# audison vrx 4.300.2 vs arc audio se 4200



## farshad (Mar 4, 2007)

Hello my friends,
i'm running my front stage off an audison vrx 4.300 now and they sound so smooth and clean! i'd like to know if has anybody had any experience with both? what are your thoughts?
thanks


----------



## farshad (Mar 4, 2007)

anybody???


----------



## dingaling (Apr 14, 2005)

i haven't tested a 4200 se, but the Audison VRx's tend to be on the smooth/neutral side of things.


----------



## capnxtreme (Feb 5, 2008)

So, you already have a very high-end amp, and it sounds great. What exactly is the issue, here?


----------



## farshad (Mar 4, 2007)

capnxtreme said:


> So, you already have a very high-end amp, and it sounds great. What exactly is the issue, here?


don't get me wrong, the audison sounds great! but i want to test something different because i've seen many rave reviews about the ARC SE series!


----------



## capnxtreme (Feb 5, 2008)

Assuming they have about the same power output, I can't imagine that you would hear a difference.


----------



## ~thematt~ (Sep 14, 2007)

I've previously run the Audison VRx's and now currently run 2 Arc 4200SE's. These are the last amps I'll ever buy, though it would be nice if I had another 1 or 2 of them.
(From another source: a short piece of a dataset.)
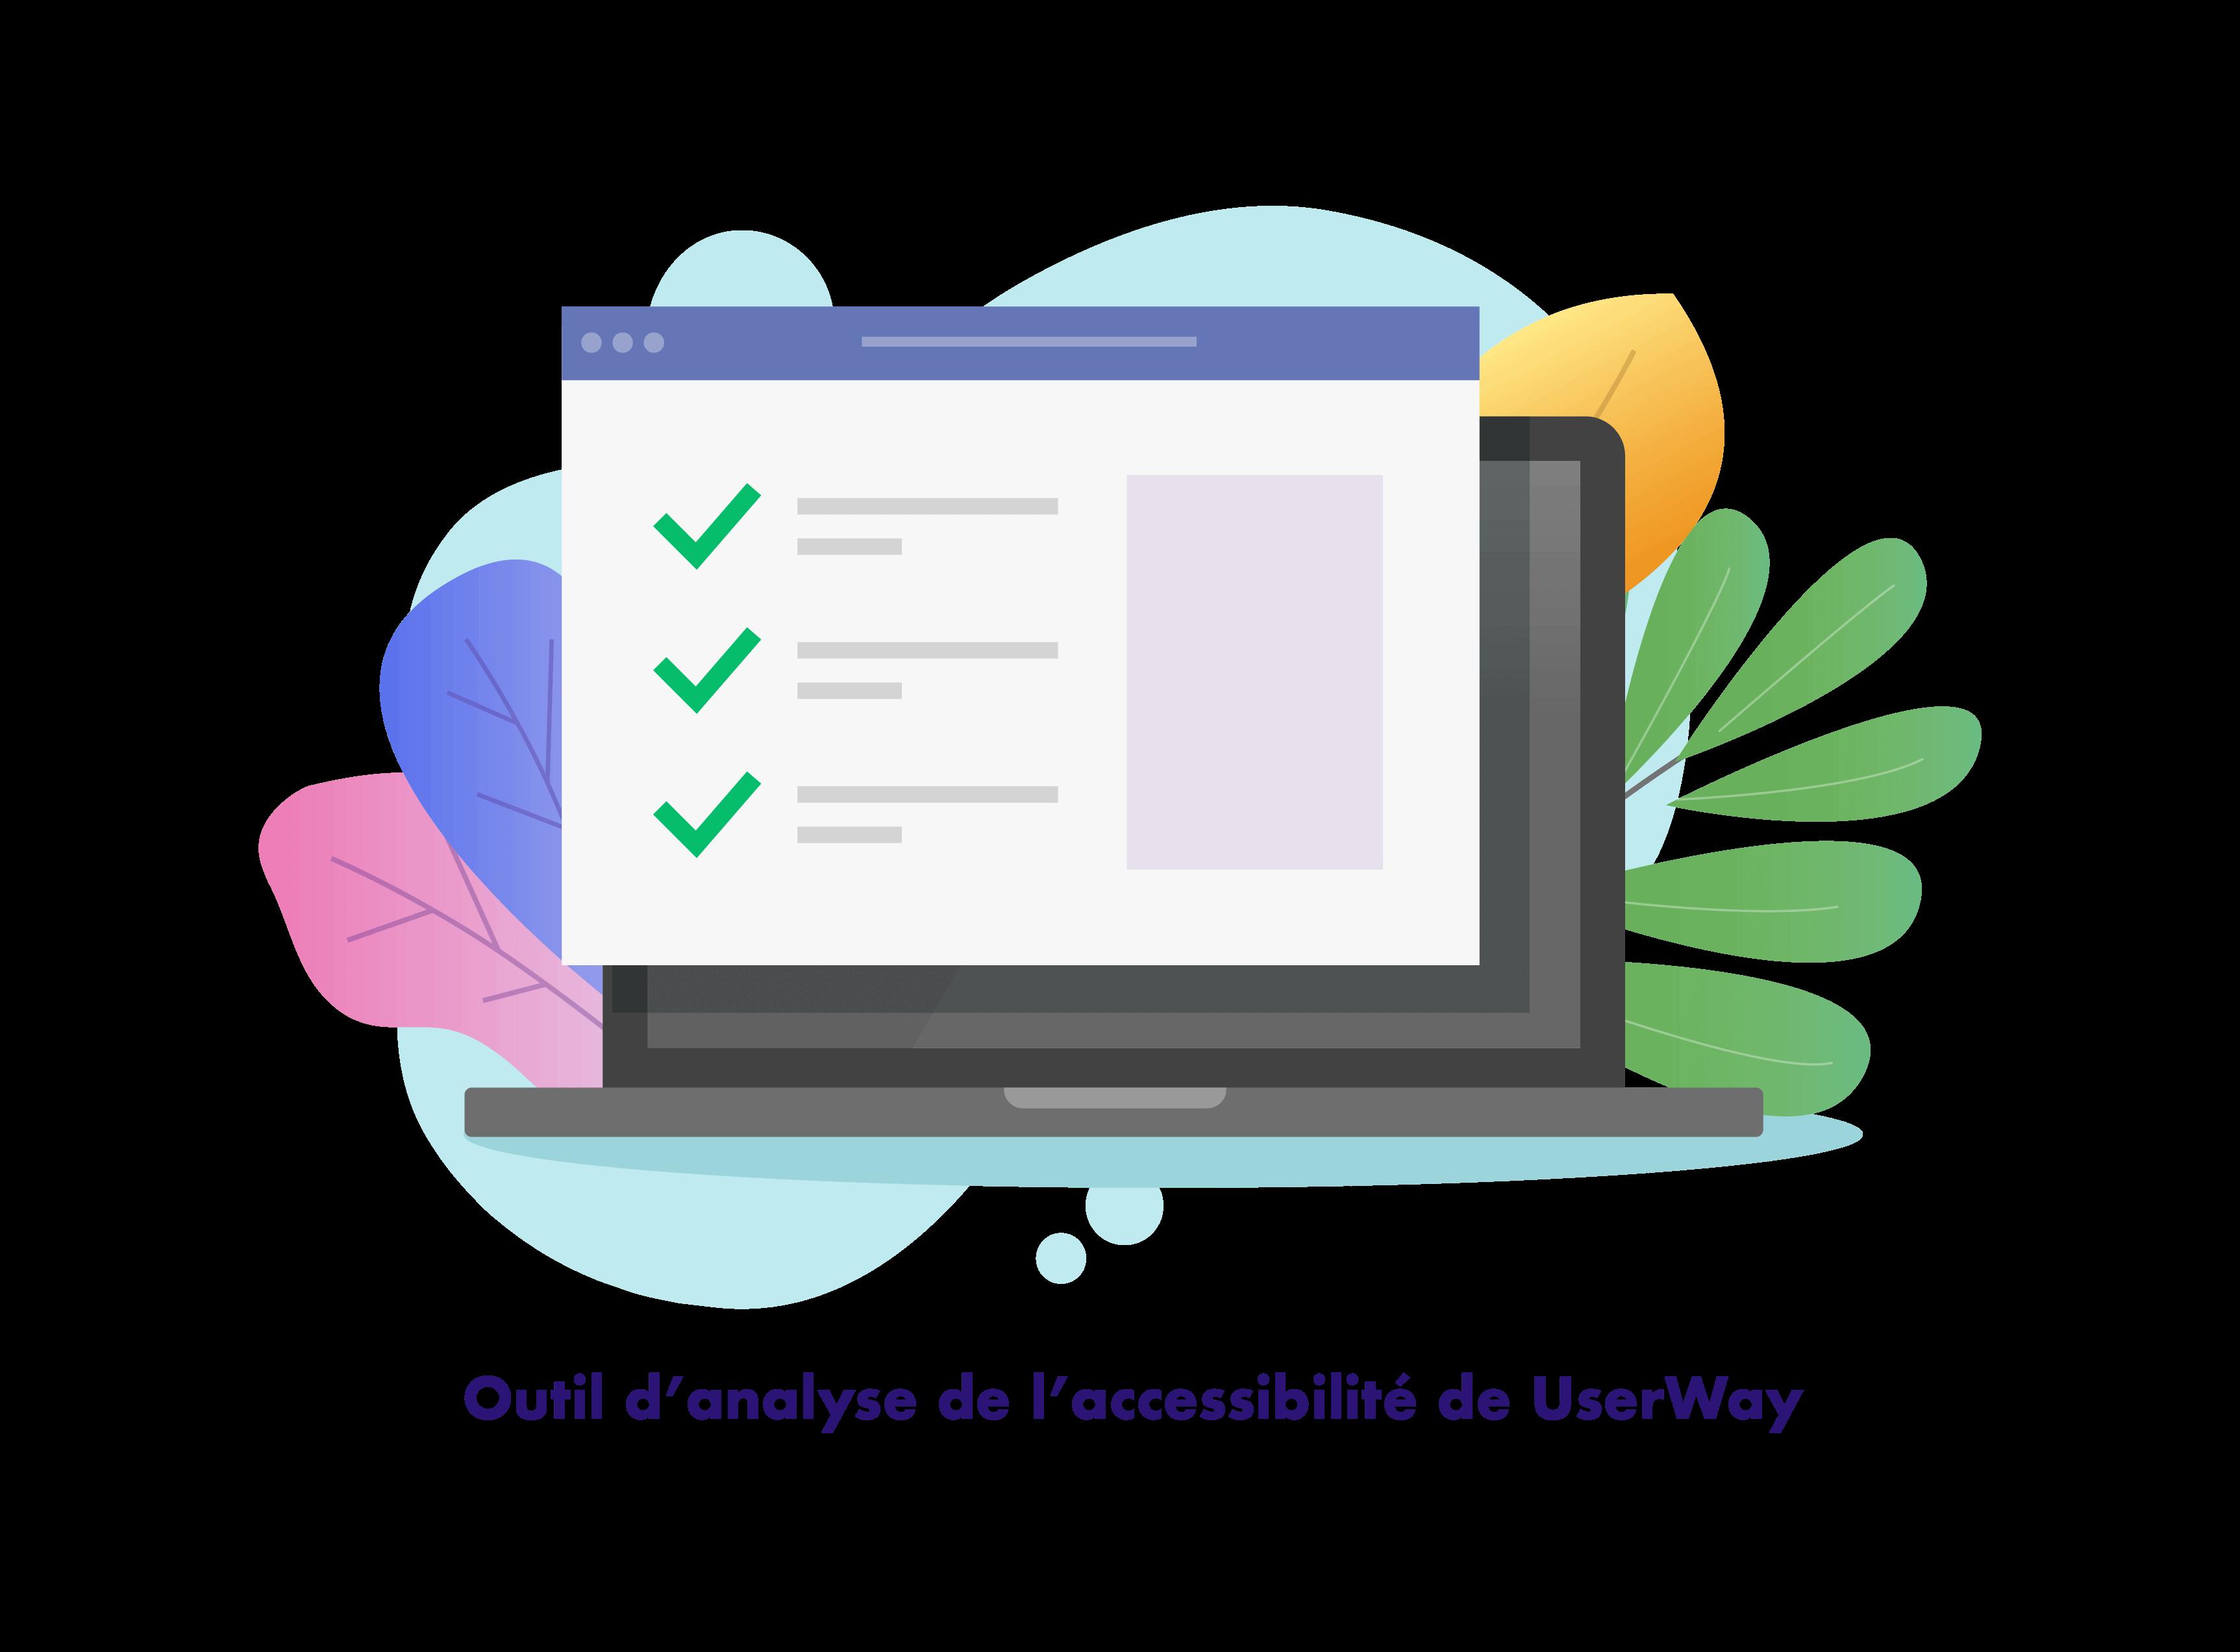 Userway Outil d'analyse de l'accessibilité de UserWay

The Audison is good, and a clever design (with the open PCB and expansion modules) but is getting long in the tooth. IMO there isnt much on the market that can compete with the 4200. Brute power, transparency (which the VRx doesnt have), and oh so much headroom. Just keeps on keeping on.

Plus they look heaps better than the VRx as well. Comparitively, you'll have to buy the Chrome Shadow at a higher price to get the same subtle look. Seriously, who has a baby-blue boot? Black and silver is almost a factory interior colour for every car these days....
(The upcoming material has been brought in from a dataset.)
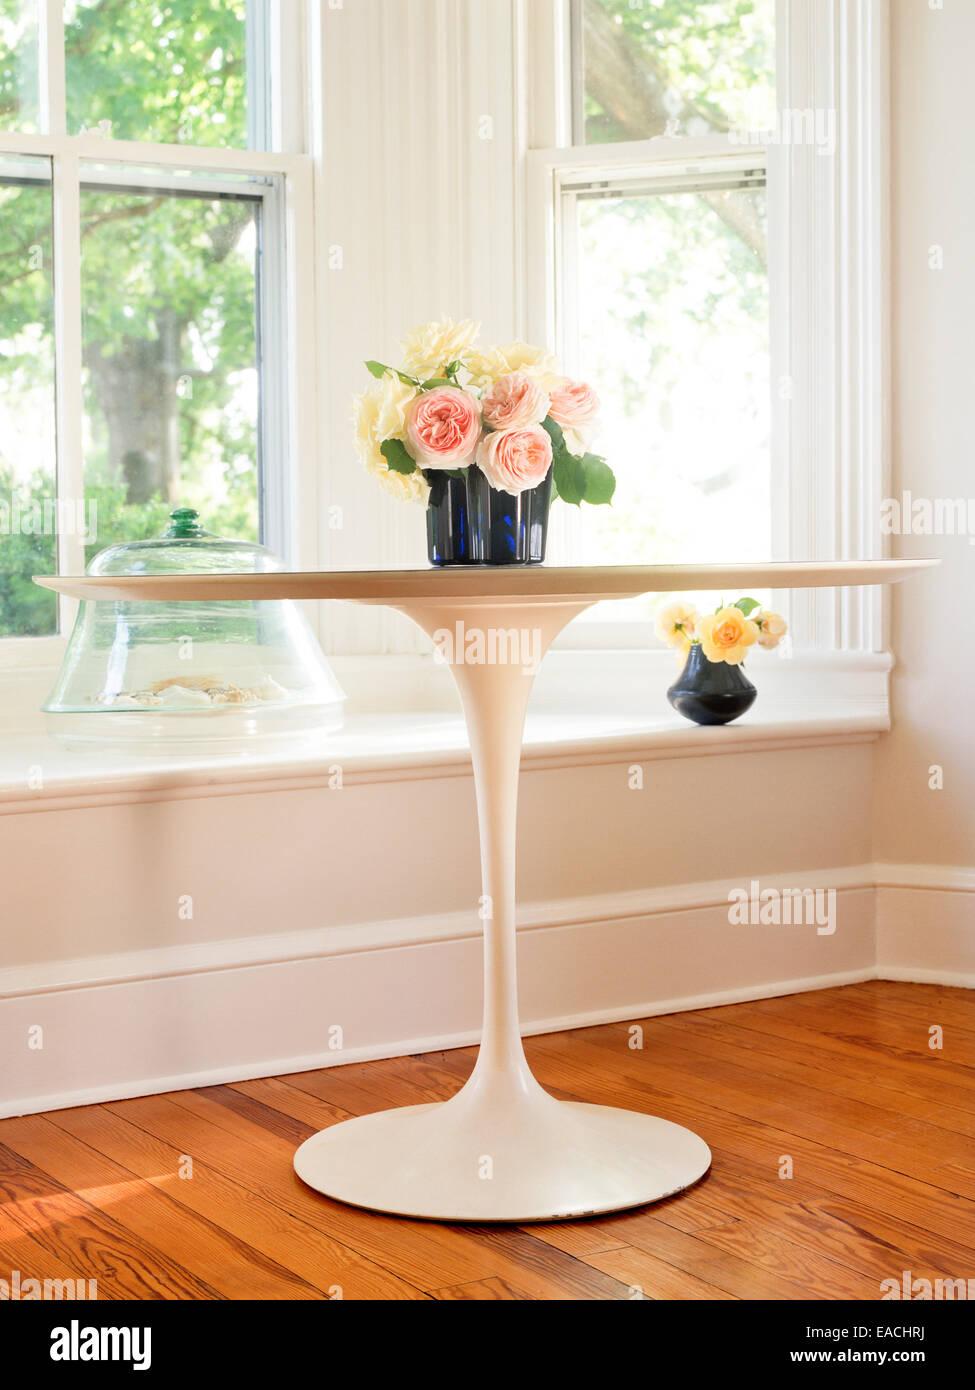 Eero Saarinen mesa con rosas Imagen De Stock

I wont waste your time by telling you how they sound in comparison to each other, because I'm a firm believer in not selecting amps based on sonics. Just note that the VRx, out of the box, is NOT transparent. I like listening to the recording, not the stereo.


----------



## farshad (Mar 4, 2007)

thank you!
do you think does the ARC have the clarity of the audison?


----------



## ~thematt~ (Sep 14, 2007)

The Arc is as transparent as they get. If its there, the Arc will play it. 

I still dont understand why you are asking though. You've got your amps.....

If you keep buying, yet keep asking these questions, you'll never stop buying...


----------



## 3.5max6spd (Jun 29, 2005)

It can greatly depend on the speaker you use and the sound that you will find natural/truthfull to YOU.

For me the Vrx and new LRx are on the notably colored side of things (from my interpretation). I find Arc's XXK and SE(as well as TRU's) to be much more transparent and ballsy, more in line with what i know the old school amps to perform like(old school PPI etc..) Or should I say 'American' sound? Not in any way discrediting a European who believes Audison, DLS etc.. are what a neutral amplifier or products sound like.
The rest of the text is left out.